In microarray data analysis, the process of converting probe-level flourescent intensities from a scanner to gene-level expression estimates is commonly referred to as preprocessing. The vast majority of preprocessing algorithms require multiple arrays to be analyzed simultaneously, and in general such multi-array preprocessing algorithms outperform single-array algorithms [1]. Therefore, it is not surprising that four of the most widely used preprocessing algorithms - RMA [2], gcRMA [3], MBEI [4], and PLIER [5] - are multi-array.

However, multi-array preprocessing algorithms restrict scientific inquiry because it is necessary to analyze all arrays simultaneously. Because data preprocessed separately cannot be combined without introducing artifacts [610], the total number of arrays one can compare is limited by computer memory, restricting large meta-analyses; furthermore, datasets that grow incrementally need to be preprocessed each time an array is added. Lastly, for microarrays to aid in clinical diagnosis and treatment, one needs to obtain information based on a single sample hybridized to a single microarray.

Recent work by McCall et al. (2010) provided a method of single-array preprocessing, Frozen Robust Multiarray Analysis (fRMA), that retains the advantages of multi-array preprocessing. The fundamental idea behind fRMA is a simple but powerful one - parameter estimates are precomputed based on a large biologically diverse database of microarrays and then frozen. These frozen parameter estimates can then be used to preprocess new array(s). In addition to allowing arrays to be preprocessed individually or in small batches and combined for subsequent analysis, fRMA resulted in improved performance when analyzing microarray data in the typical multi-array setting, especially when the new data consisted of arrays from different batches [10].

It should be noted that fRMA allows the user to easily combine Affymetrix microarrays from different batches; however, these arrays must all be from the same platform. For example, fRMA cannot be used to preprocess Affymetrix Human Genome U133A and U133 Plus 2.0 arrays together. To combine different platforms, one would need to first preprocess the data from each platform separately using fRMA and then combine the data using an additional batch correction algorithm such as ComBat [11] or Surrogate Variable Analysis (SVA) [12].

The primary limitation of fRMA is that it requires a curated database of microarrays to generate the frozen parameter vectors. As such, fRMA has currently been implemented for only the three most widely used Affymetrix microarray platforms - Human Genome U133 Plus 2.0, Human Genome U133A, and Mouse Genome 430 2.0. Efforts are underway to implement fRMA on two more platforms - Arabidopsis ATH1 Genome and Rat Genome 230 2.0.

To address this limitation, we have created an R package, frmaTools, designed to allow the user to easily create the frozen parameter vectors necessary to run fRMA. By decentralizing fRMA implementation, each group can contribute a database and parameter estimates specific to their area of research. We begin by describing the frmaTools package itself and how it interfaces with the standard frma package. Next we examine the size and scope of data necessary for a platform-wide implementation of fRMA. We then turn our attention to situations in which one might want to generate custom parameter vectors for a specific experiment.

2 Implementation

The computational tools described here are written in the open-source statistical language R and are available as part of the Bioconductor project [13], a collaborative effort to produce computational tools for biological data. As previously described in [10], we have implemented the primary tools necessary to preprocess and analyzed data from a single microarray hybridization in the R package, frma. This package provides the fundamental framework for single array preprocessing and analysis; however, it requires precomputed frozen parameter vectors. For platforms on which fRMA has been already implemented these frozen parameter vectors are contained in Bioconductor data packages of the form < platform> frmavecs and are automatically used by frma. To extend the fRMA algorithm to a new platform, one need only create a data package or supply ones own frozen parameter vectors directly to frma.

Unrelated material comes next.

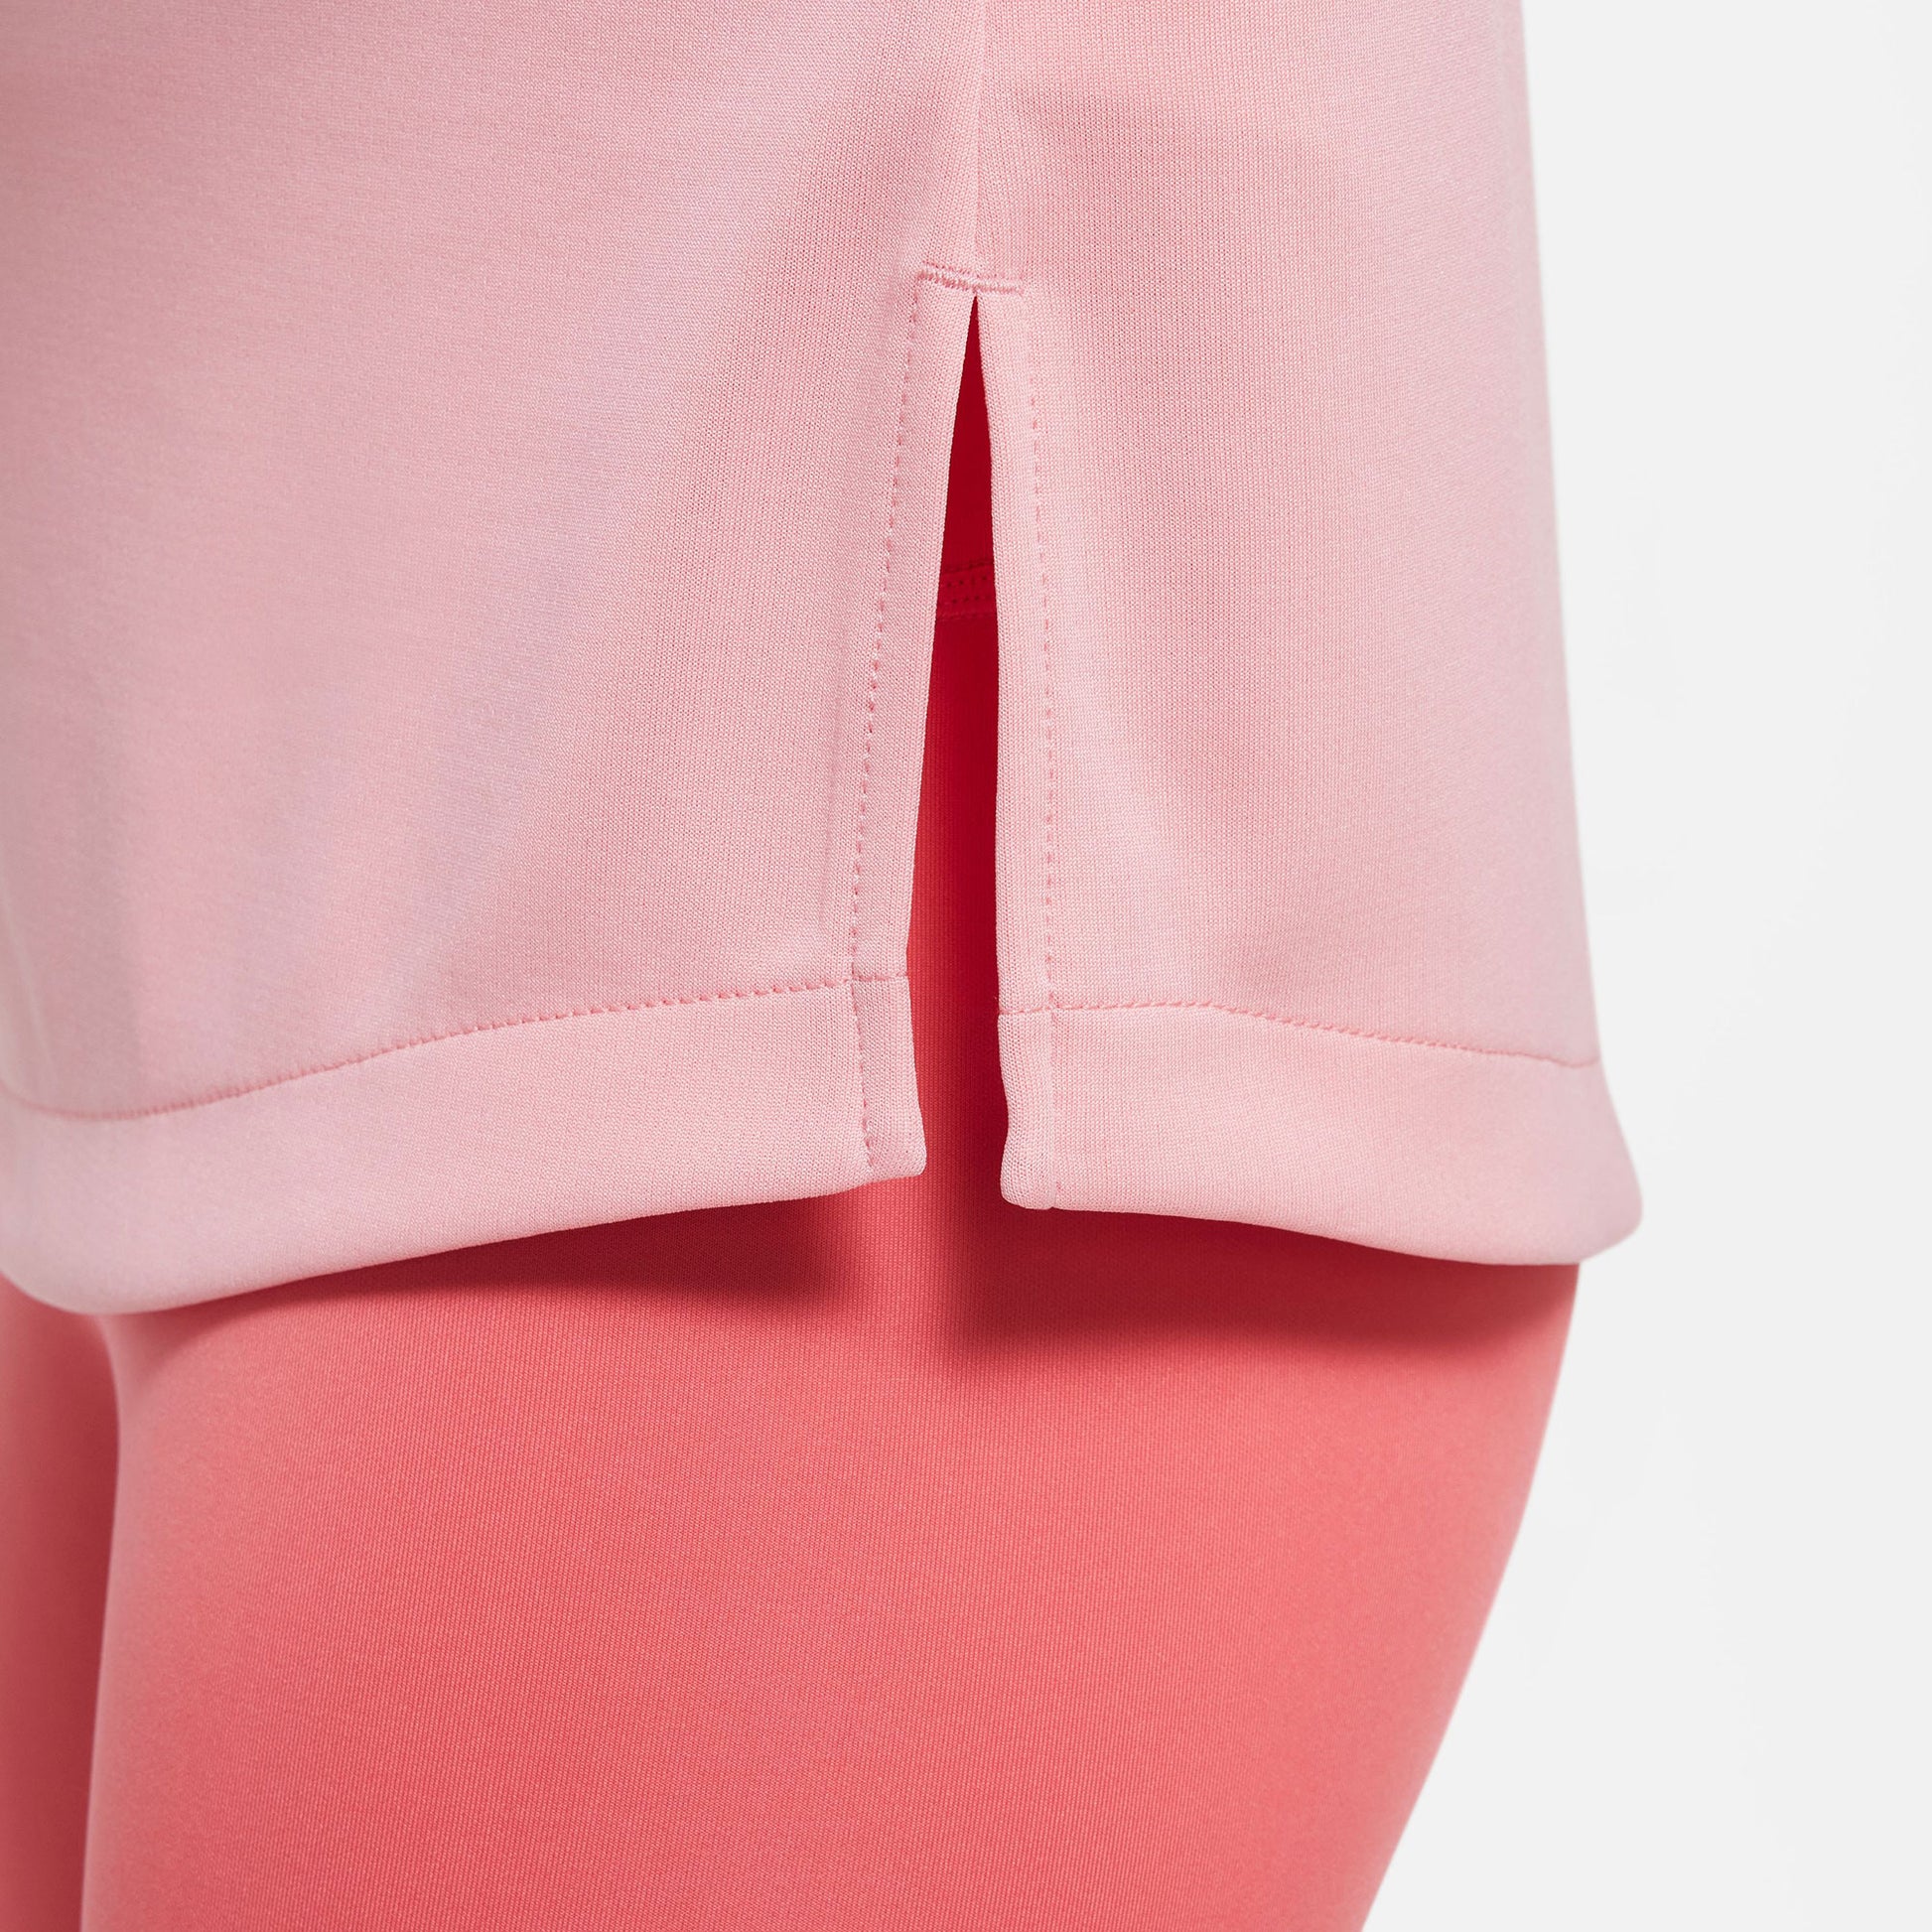 Nike Dri-FIT Girls' Long-Sleeve Top Pink (5)
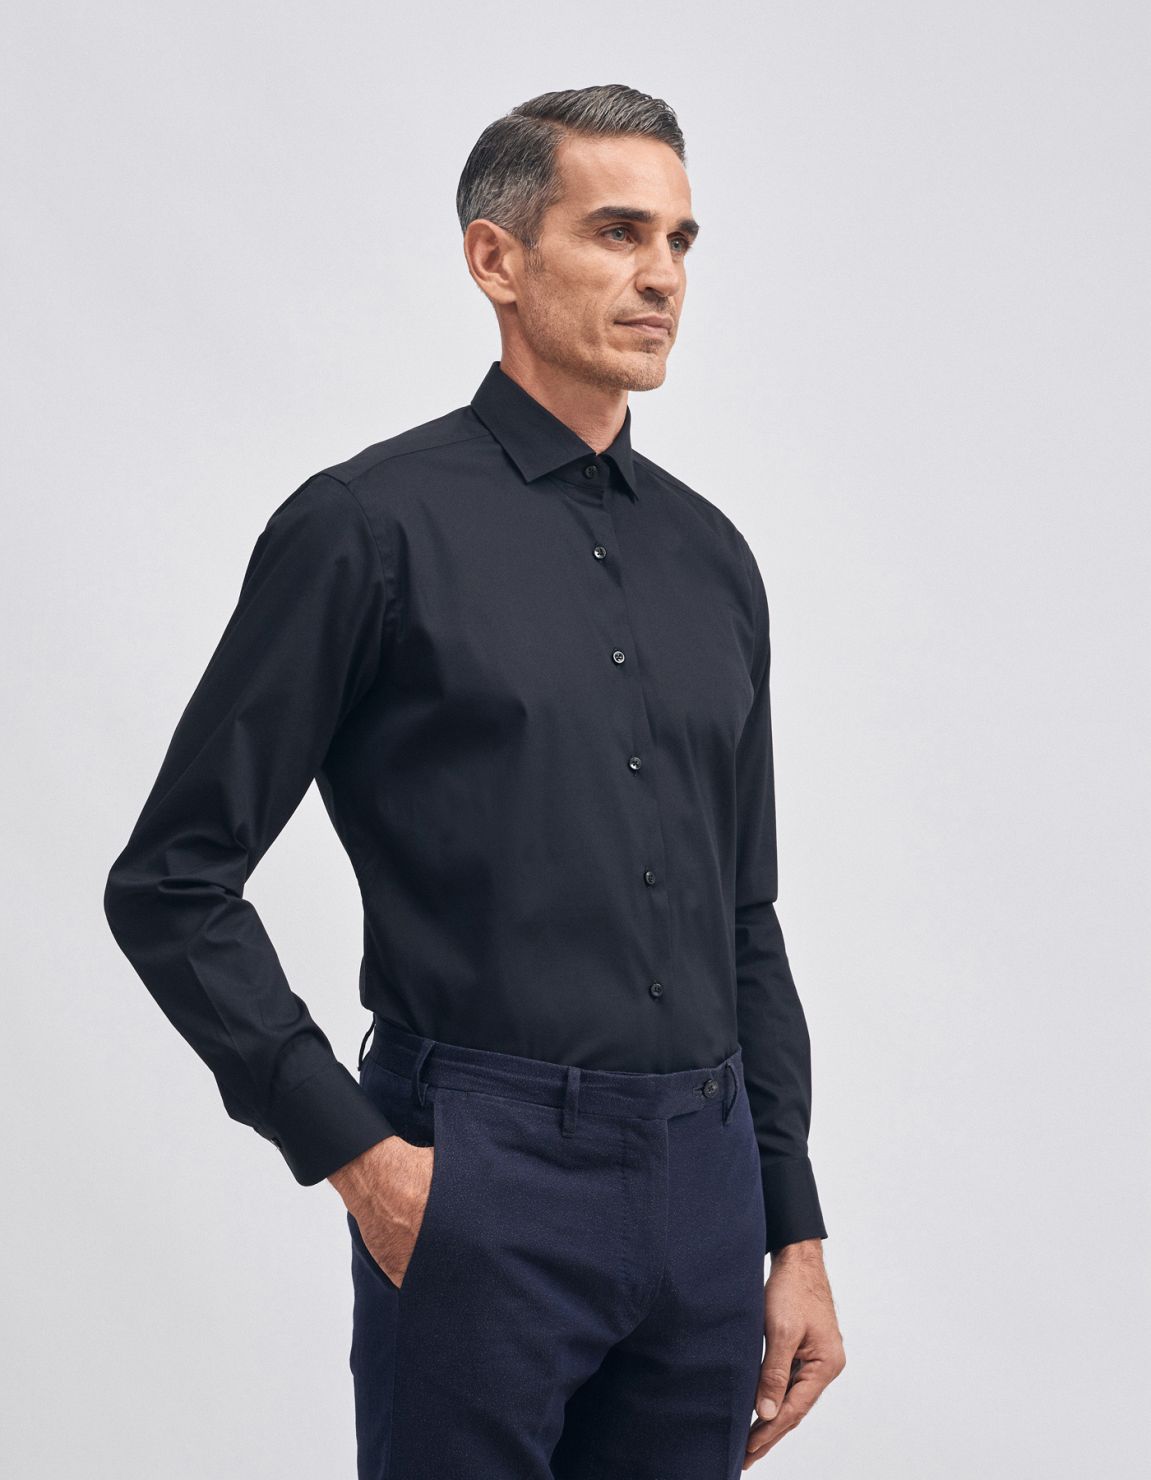 Shirt Collar small cutaway Black Canvas Tailor Custom Fit 1

To preprocess single arrays using fRMA, one needs 5 frozen parameter vectors: (1) the reference normalization distribution, (2) the probe effect estimates, (3) the within batch residual variance, (4) the between batch residual variance, and (5) the within probeset average standard deviation. Optionally, a sixth vector of median standard errors is necessary to compute a measure of array quality. By default, the frma function attempts to load the appropriate data package for the AffyBatch object given as input. However, it is possible for the user to supply some or all of the frozen parameter vectors allowing the user to preprocess data using their own fRMA implementation.

The frmaTools package was developed to allow users to easily create their own frozen parameter vectors for use with frma. It contains two primary functions - makeVectorsAffyBatch and makeVectorPackage. The former is used to create the frozen parameter vectors used by frma; the latter both creates the vectors and builds a R data package for them. By creating a data package, one can share frozen parameter vectors with other researchers and track changes over time. The interface between the affy, frma, and frmaTools packages can best be understood by examining a typical workflow (Figure 1).

Figure 1
figure 1

Diagram of a typical workflow. A typical workflow using the affy, frma, and frmaTools packages to obtain fRMA gene expression estimates in the form of an ExpressionSet or frmaExpressionSet object. Above each arrow is the function used to transform one object into the next. The dashed lines divide the figure by the package used.

3 Results and Discussion

3.1 Training Data

The frozen parameter vectors used in the fRMA algorithm are generated using a training dataset comprised of a balanced sample from multiple batches. For example, in the three current implementations of fRMA, 5 arrays from each of 200 different batches are used. In this case, batch is defined as a unique combination of tissue type and experiment id (e.g. normal liver from GSE2004). Here the between batch variability in probe effects captures all the potential differences between experiments - different labs, different technicians, different environmental conditions, etc. - as well as differences due to the hybridized tissue type.

One of the fundamental assumptions underlying fRMA is that the training data is both large enough and diverse enough that the vast majority of probes that differ in performance across batches can be detected as such in the training data. Some probes may only perform poorly in a small handful of tissues or laboratory conditions, so it is advantageous to include as many different tissues and experiments as possible to maximize our chance of detecting unreliable probes. When implementing fRMA on widely used platforms for which there is a plethora of publicly available data, it is advisable to use as many arrays as possible. This allows one to obtain the most information about the behavoir of probes across a wide variety of tissues and experiments. In these situations, the size of the training dataset should only be constrained by computer memory.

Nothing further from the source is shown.